Evaluating such tradeoffs is the element of AI Security and Performance that is often completely overlooked in loud discussions on AI Safety, Performance, and the state of the art. Looking at the performance, my experiments comparing RWKV to various Transformers show mostly comparable results. But that was before I had access to the Gemini Pro (I got approved on Wednesday night). I will play around with it and let y’allz know if it matches up to the hype.

All in all, any practitioner of NLP (or general ML) should be familiar with developments like RWKV. Even if they never become completely paradigm-shifting, such developments push our knowledge further and teach us about the limitations of the current status-quo.

For the rest of this article, we will cover the following ideas in more depth:

Why RNNs became the kings of NLP.
How Transformers overthrew RNNs for NLP.
What makes RWKV so good?
A neat tip I learned about RWKV to improve performance on long-context windows.

and more.

RNNs, Transformers, and NLP

To fully appreciate RWKV, let’s take a stroll down memory lane to contextualize it within the broader history of NLP. More advanced readers may skip this section, since I don’t think you’d gain too much from it(unless you’re looking to admire the pretty diagrams).
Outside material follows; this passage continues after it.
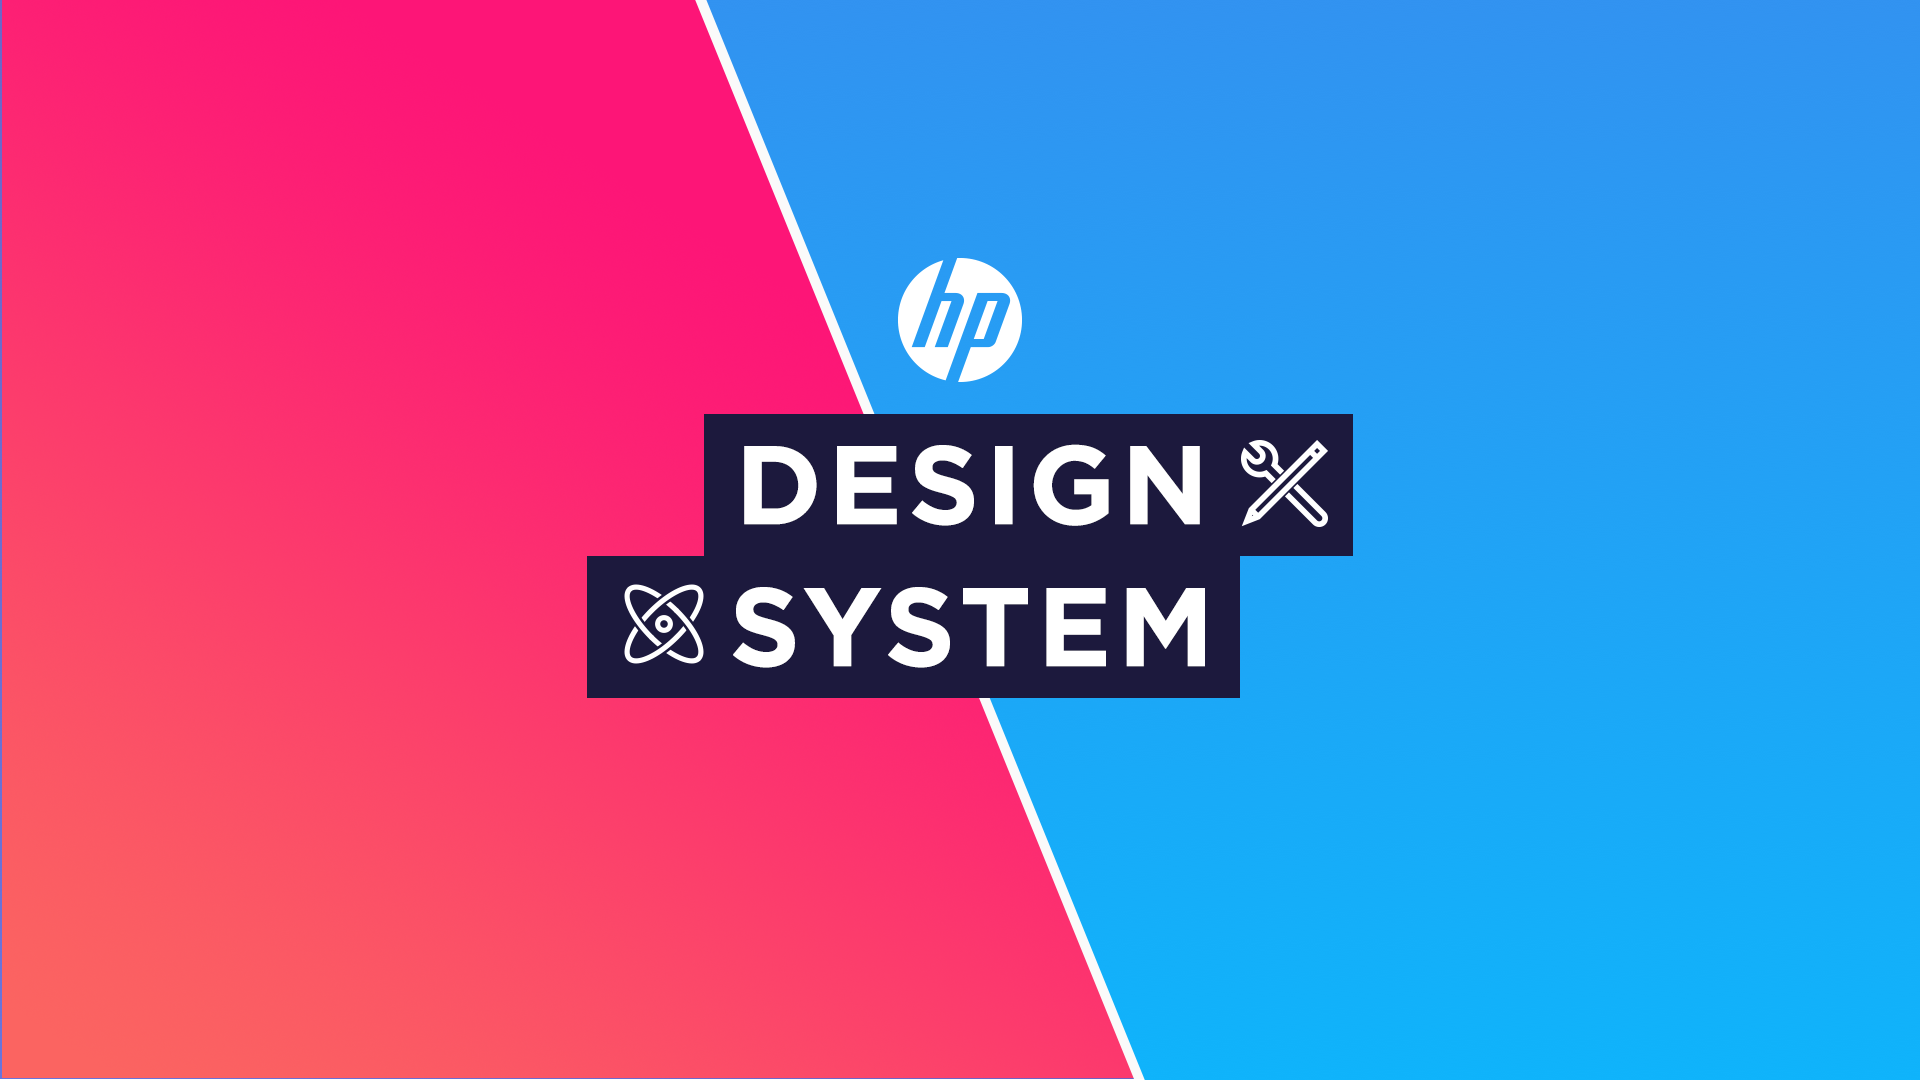 HP Design System

How RNNs became the Kings of NLP

Recurrent Neural Networks (RNNs) were created to handle temporal data, where the past follows the future. Let’s take a simple example. Imagine the sentence, “Don’t eat my _”. To fill in the _, we need to take context from the previous words in the sentence. Filling out random words wouldn’t do us any good. Unlike Traditional Networks, RNNs take information from Prior Inputs, making them better suited for these tasks. Pay particular attention to this ability to look at words within the context of a sentence, b/c it will come back around in this piece.

RNN hidden layers feed back into themselves, allowing them to use prior input in their predictions.. Image Source- What are recurrent neural networks? by IBM

RNNs mimic this by employing a concept called a “hidden state.” This hidden state gets updated as the network processes each word sequentially. In a way, it captures the network’s understanding of the sentence so far.

Here’s a simplified view:

The network receives the first word.
It combines the word with the initial hidden state.
Based on this combination, the network updates the hidden state and generates an output (like predicting the next word in a translation task).
In the next step, the updated hidden state is used along with the second word to create a new hidden state and output.

This sequential processing allows RNNs to handle variable-length sequences and learn long-term dependencies within the data. The recursive nature of the process is also what lends RNNs their names.

So far, so good. But where do issues start cropping up? RNNs typically face challenges with long sequences. The information from the beginning of a sequence could fade away as the network processes later elements. This is known as the vanishing gradient problem. Additionally, RNNs are inherently sequential, limiting their processing speed. That is where Transformers become our messiahs.

Let’s do that next.

Why Transformers Took Over

Somewhere in the mid-2010s, a shadowy cabal of AI researchers decided that they needed more free time on their hands. They couldn’t just ask their bosses, so they created an ingenious scheme- start training larger and larger AI Models. This way, they had a handy excuse anytime they got caught slacking. This caught on, and the rest is history.

The limitations of RNNs meant that there was a major limitation on how much you reasonably scale them up. Vaswani decided that he could not let this limit his vacation days, so he and his crew published “Attention is all you need”. The transformer architecture they introduced came with several scaling benefits:

Parallelization: Faster training and computation.
Long-Range Dependencies: Better handling of complex relationships within sequences.
Interpretability: Attention mechanisms offer some insight into how the model makes decisions.

The cornerstone to enabling this lies in the self-attention mechanism. Here, each element in the sequence attends to (focuses on) other elements to understand their relationships. This enables Transformers to capture long-range dependencies more effectively than RNNs. Fluff words in the middle stop being as much of an issue, when your model looks at all the words at once.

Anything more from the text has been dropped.